#### Dataset section
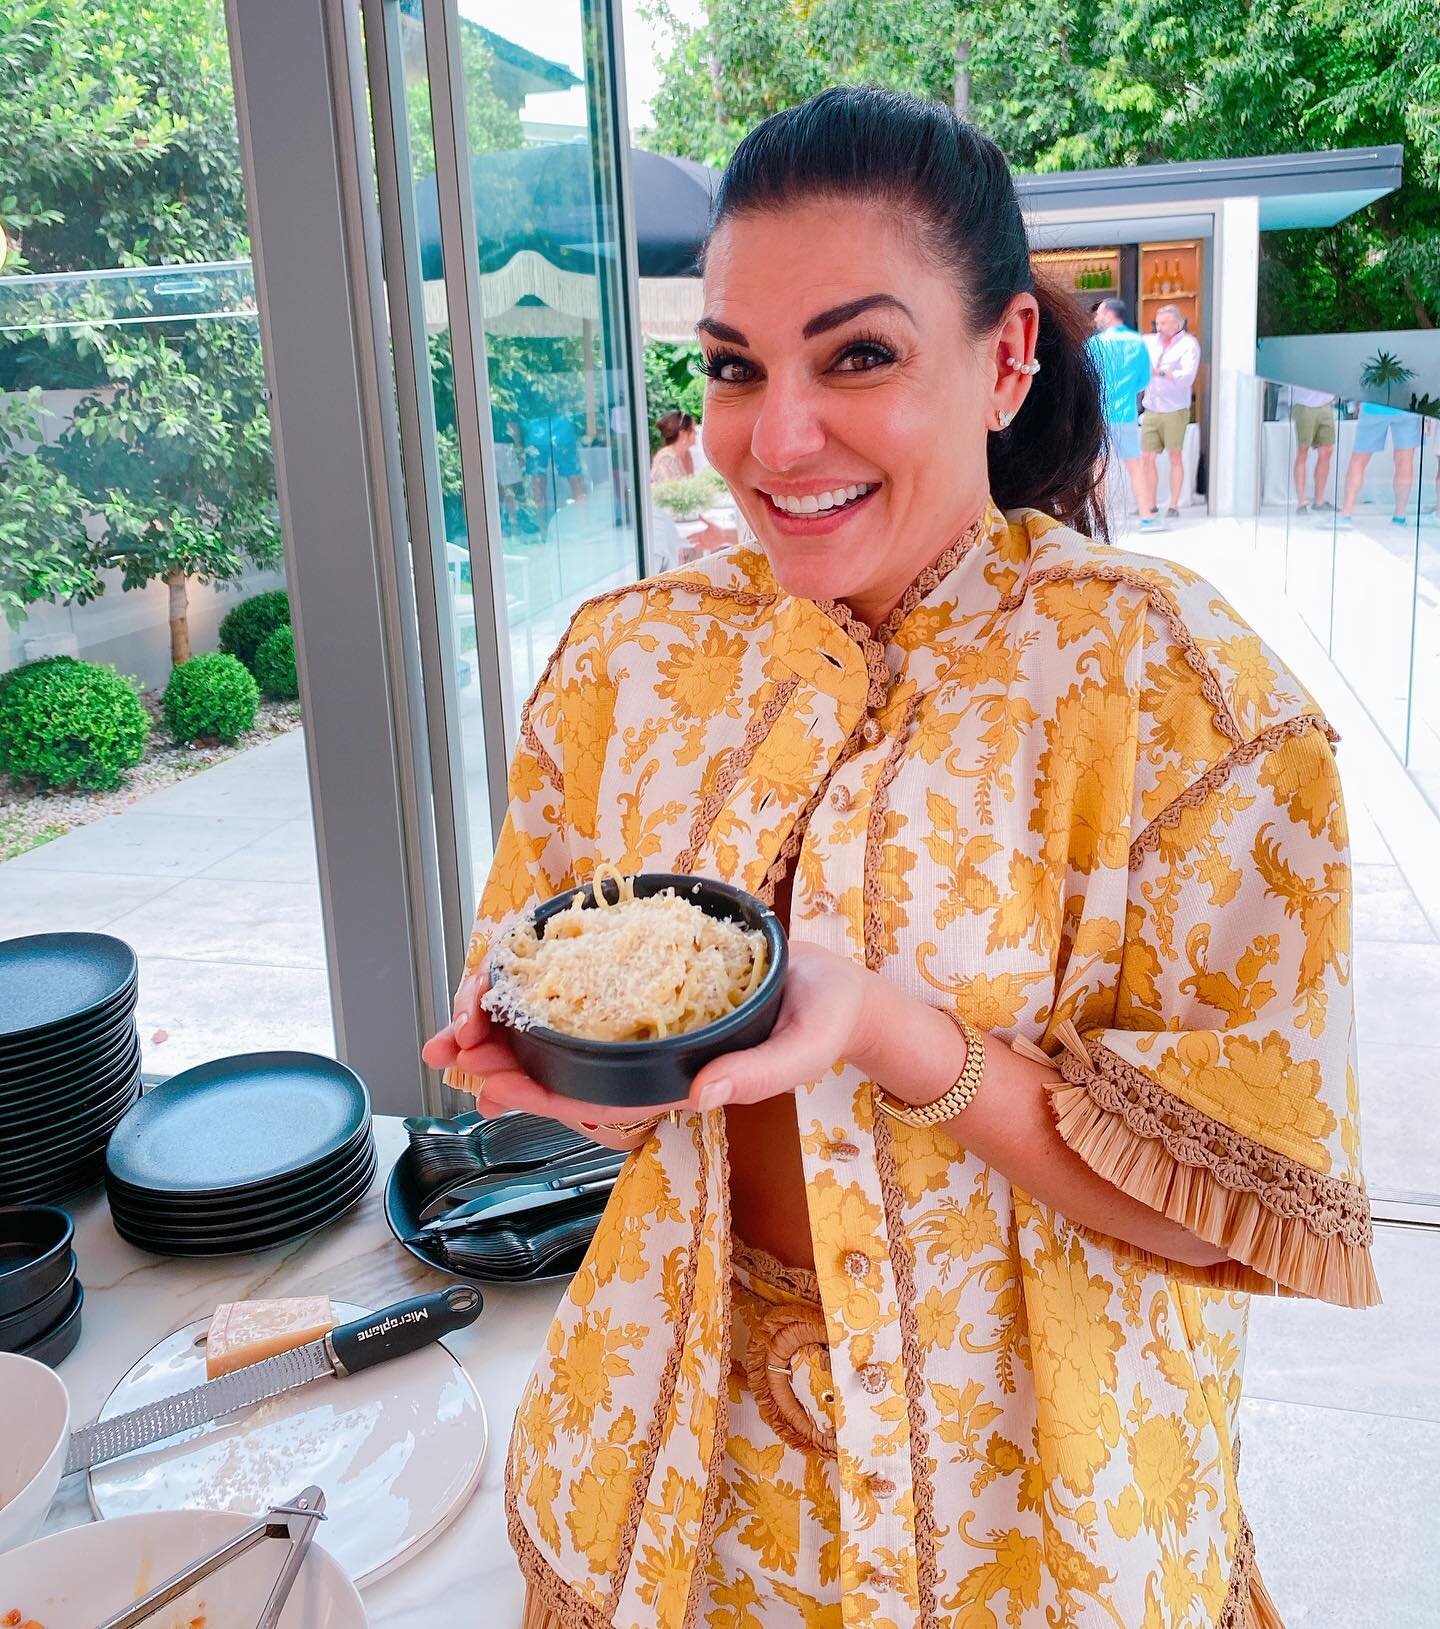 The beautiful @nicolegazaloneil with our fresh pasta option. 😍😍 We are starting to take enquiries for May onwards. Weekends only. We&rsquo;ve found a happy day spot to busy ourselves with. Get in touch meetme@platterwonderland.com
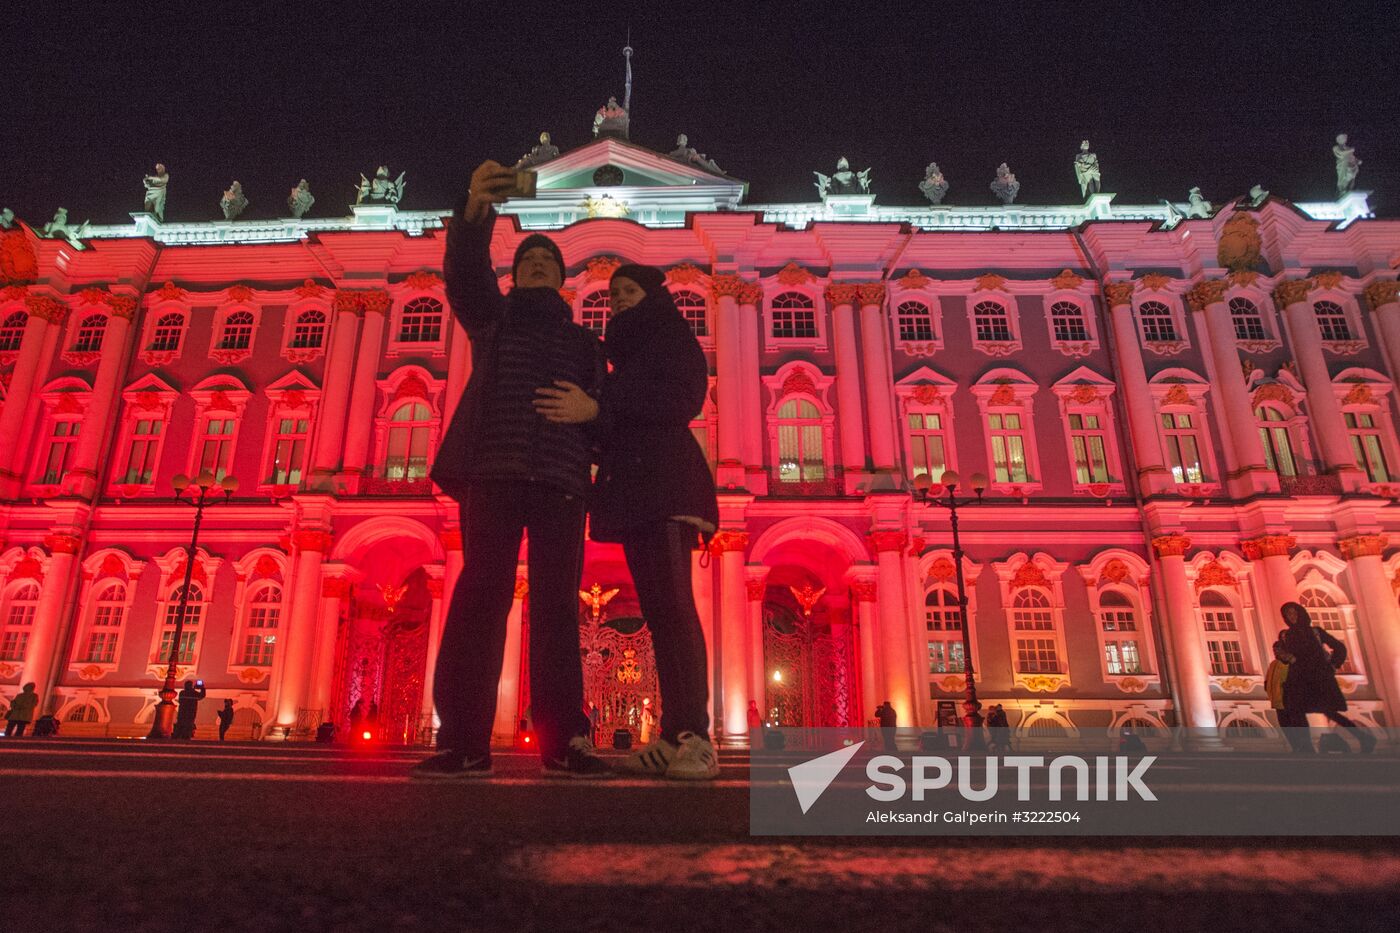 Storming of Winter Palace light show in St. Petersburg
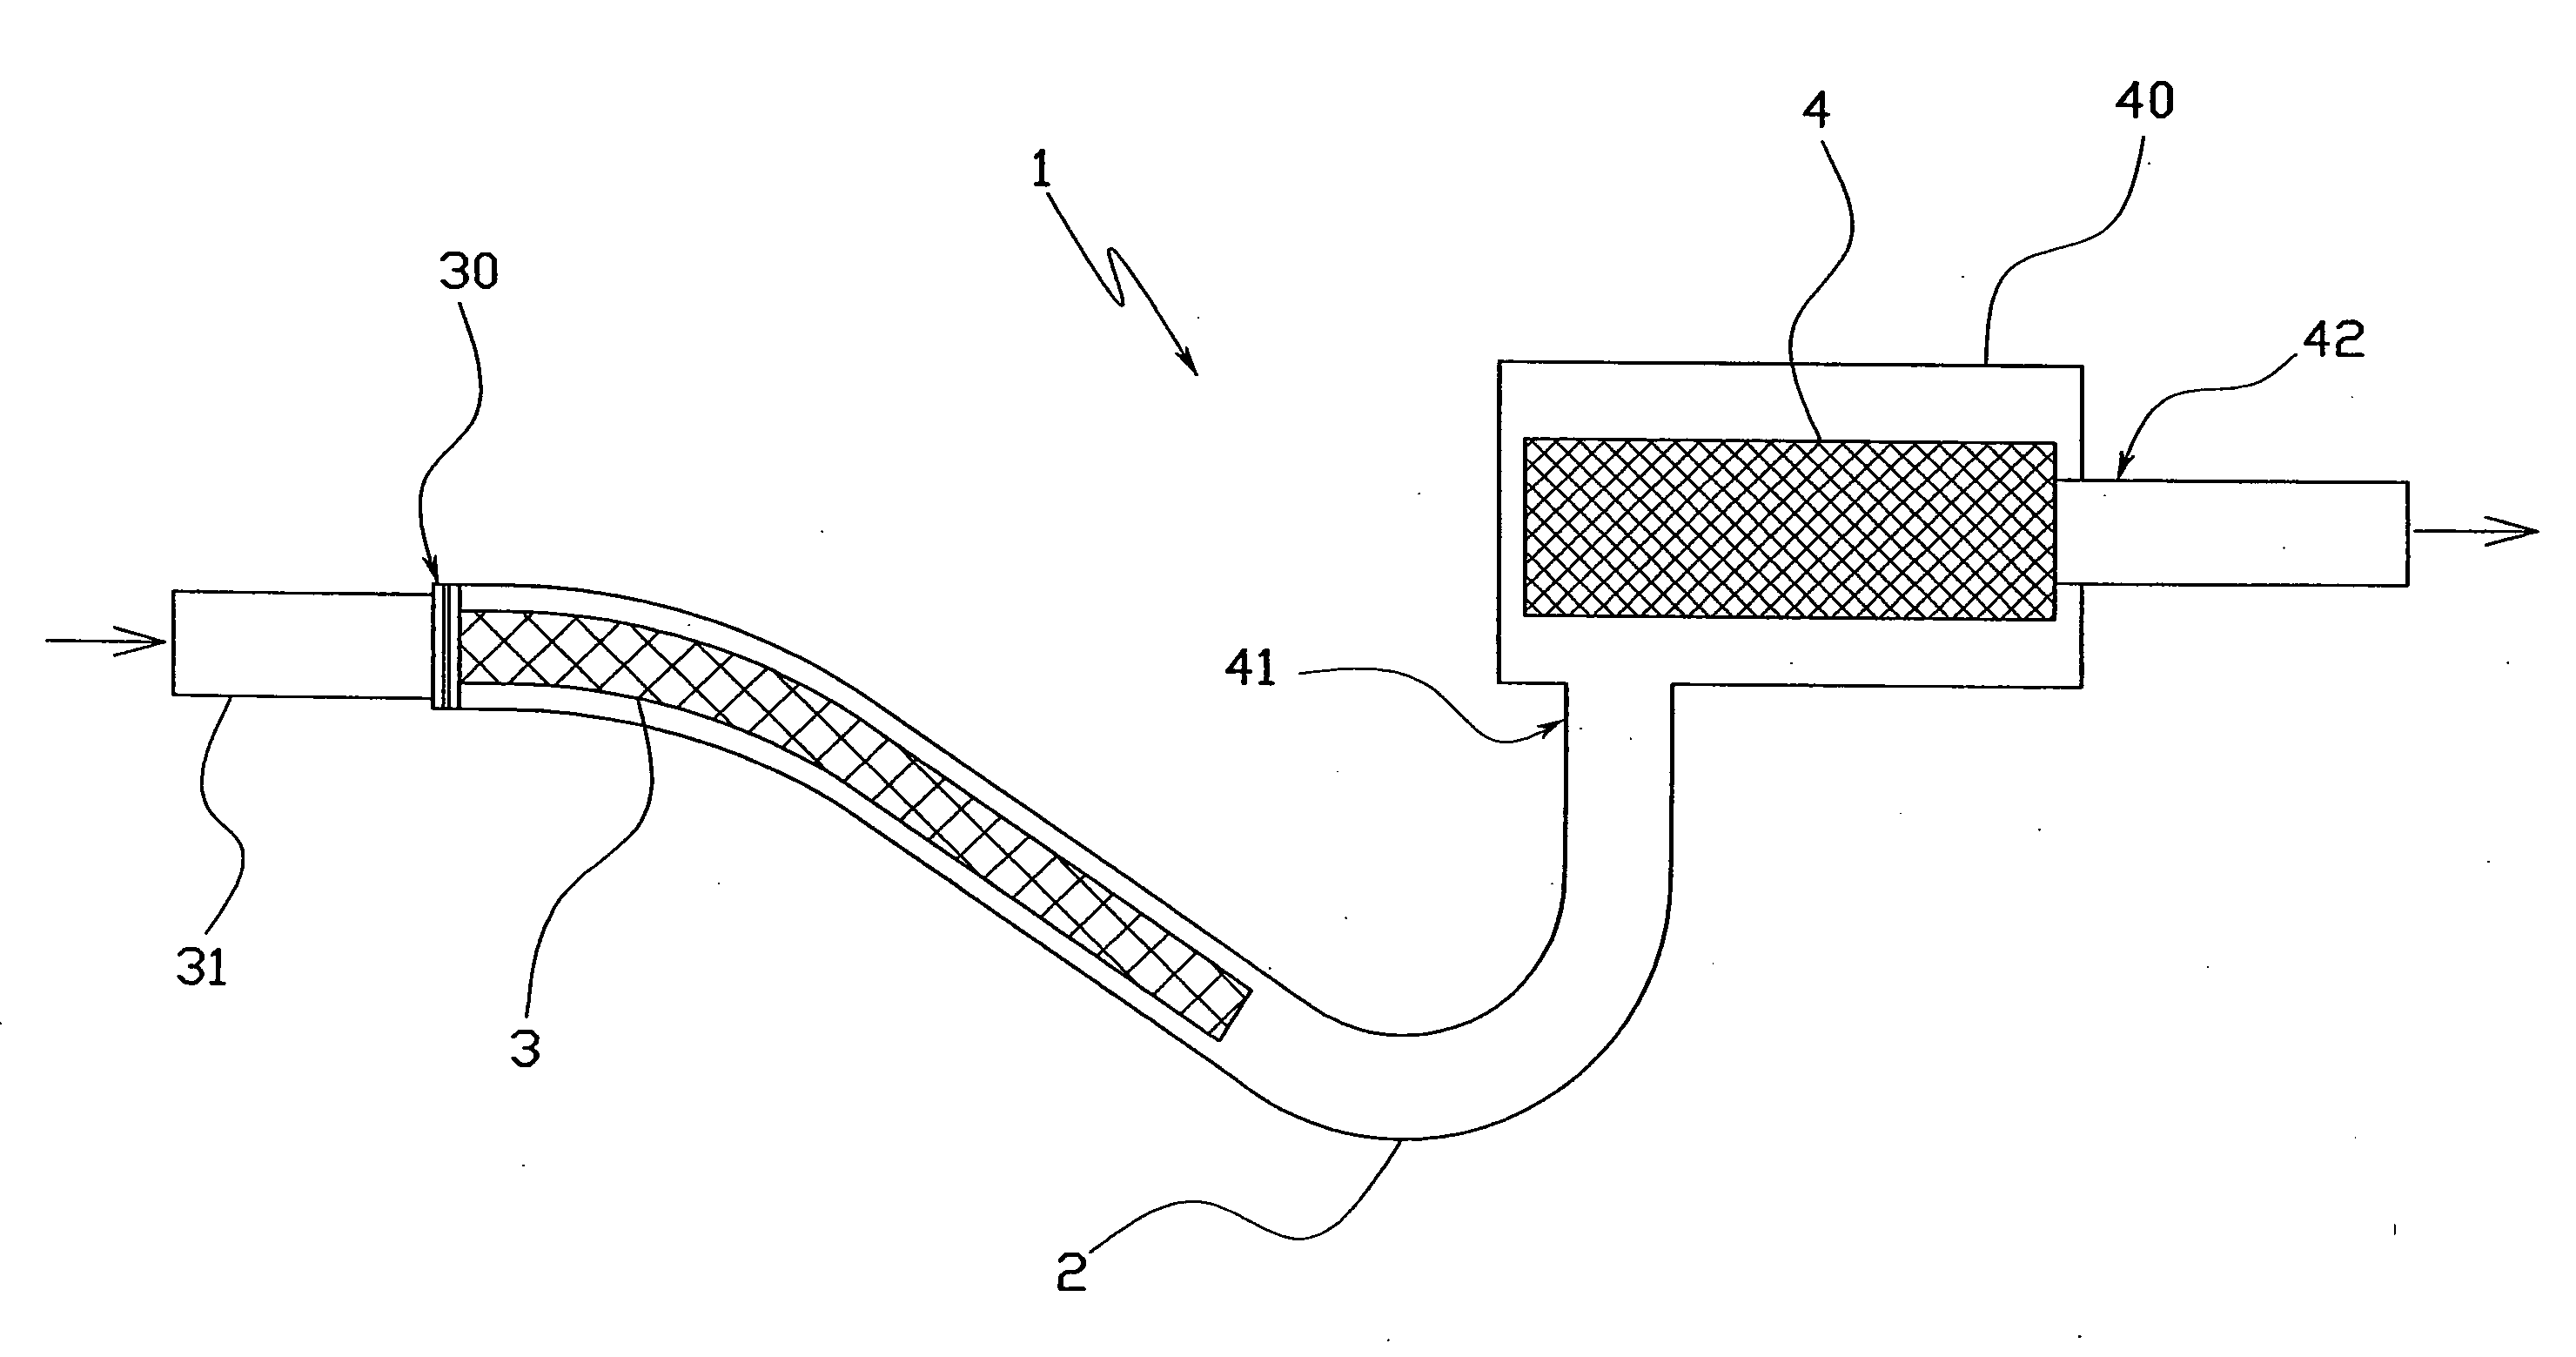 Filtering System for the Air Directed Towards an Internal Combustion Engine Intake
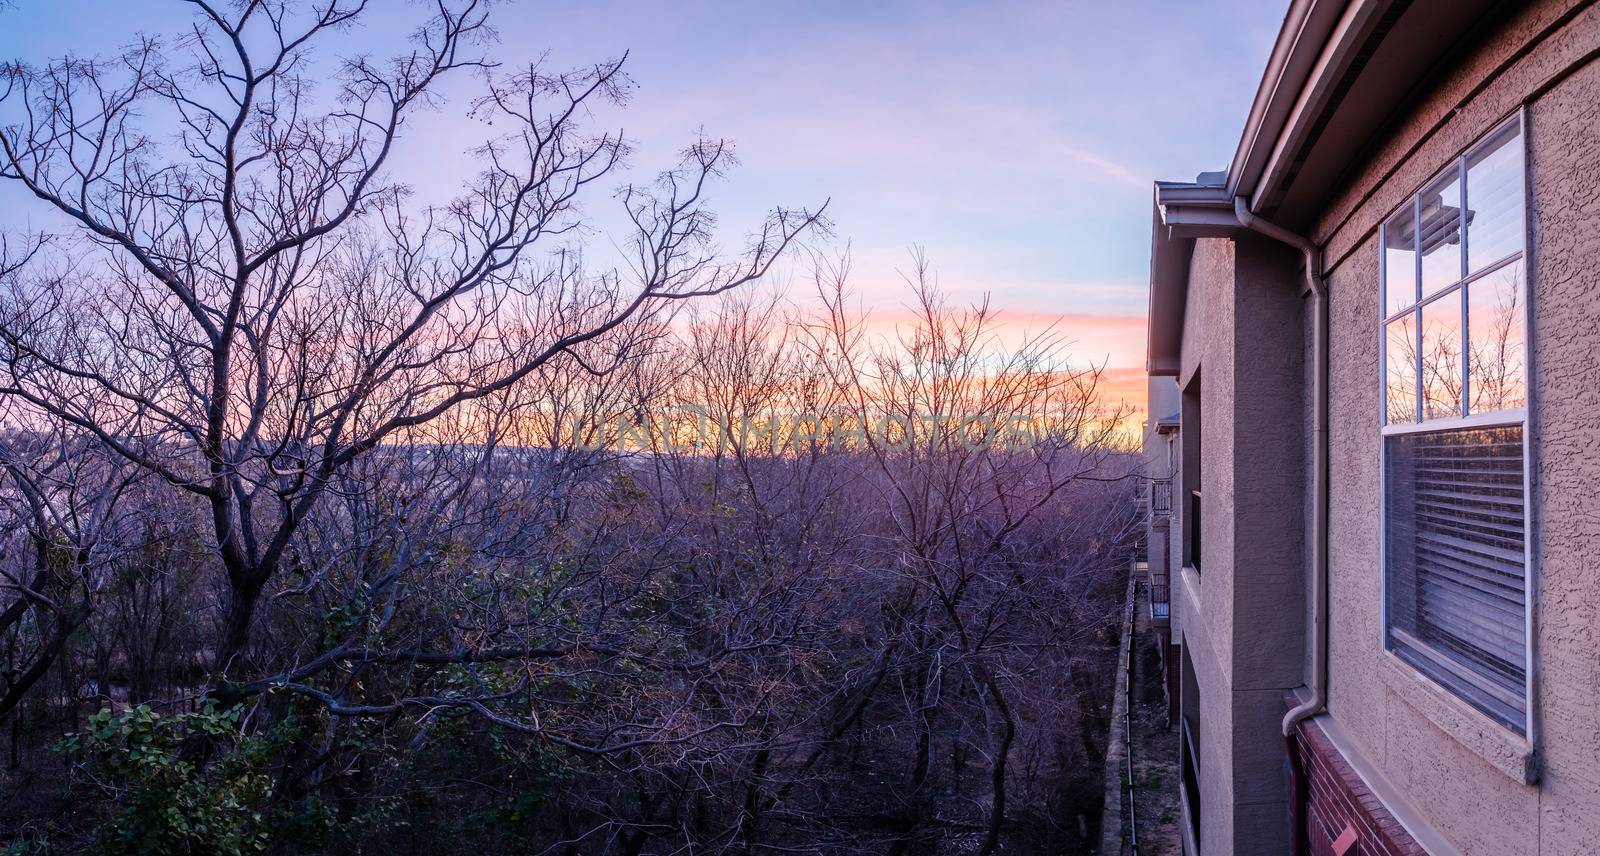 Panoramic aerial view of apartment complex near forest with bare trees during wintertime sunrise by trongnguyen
########
■ **Task**
Each line of the data must be restated exactly, and the pictures must be left out.

■ **Response**
 The beautiful @nicolegazaloneil with our fresh pasta option. 😍😍 We are starting to take enquiries for May onwards. Weekends only. We&rsquo;ve found a happy day spot to busy ourselves with. Get in touch meetme@platterwonderland.com
 Storming of Winter Palace light show in St. Petersburg
 Filtering System for the Air Directed Towards an Internal Combustion Engine Intake
 Panoramic aerial view of apartment complex near forest with bare trees during wintertime sunrise by trongnguyen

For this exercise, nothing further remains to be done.